The release is planed for the second half of august. Indeed, I still have to write documentations (including a new page on the nagebra users guide) and refine the API. Any feedback before the release would be very useful to improve the quality of the actual release.

sebcrozet commented 7 years ago

Benchmarks

I'm pinging all the concerned library authors, in case they disagree with the way I used their libraries: @termoshtt, @Andlon, @brendanzab, @masonium, @AtheMathmo .
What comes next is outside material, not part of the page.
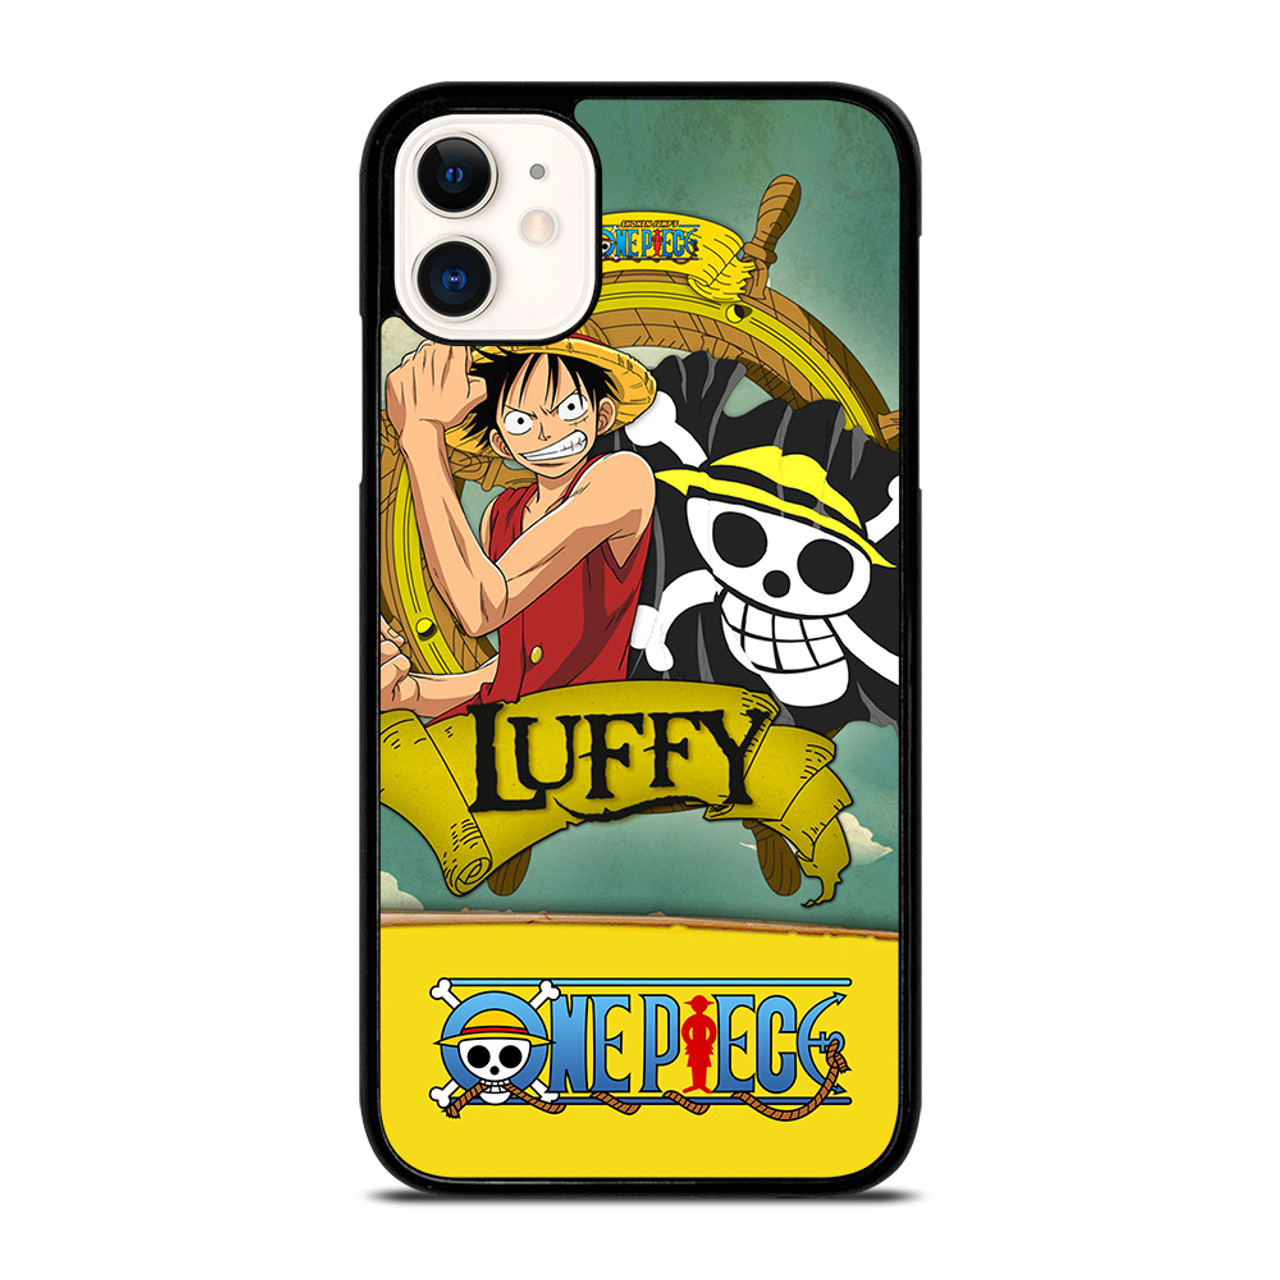 https://cdn11.bigcommerce.com/s-9chjulhvl5/images/stencil/1280x1280/products/60203/55349/LUFFY%20ONE%20PIECE__30993.1634366794.jpg?c=1

I've made some rudimentary benchmarks that you may execute yourself by cloning the rust_linalg_bench repository and running cargo bench. This benchmarks compares nalgebra, rulinalg, nalgebra-lapack, linxal, ndarray_linalg.

Note that:

Here are the benchmark results with an Intel(R) Core(TM) i7-3930K CPU @ 3.20GHz (for each test, the times are sorted from the fastest to the slowest). If I used the other libraries correctly, note that nalgebra often outperforms rulinalg. nalgebra-lapack also outperforms linxal and ndarray_linarg (even if they all use the same Lapack backend).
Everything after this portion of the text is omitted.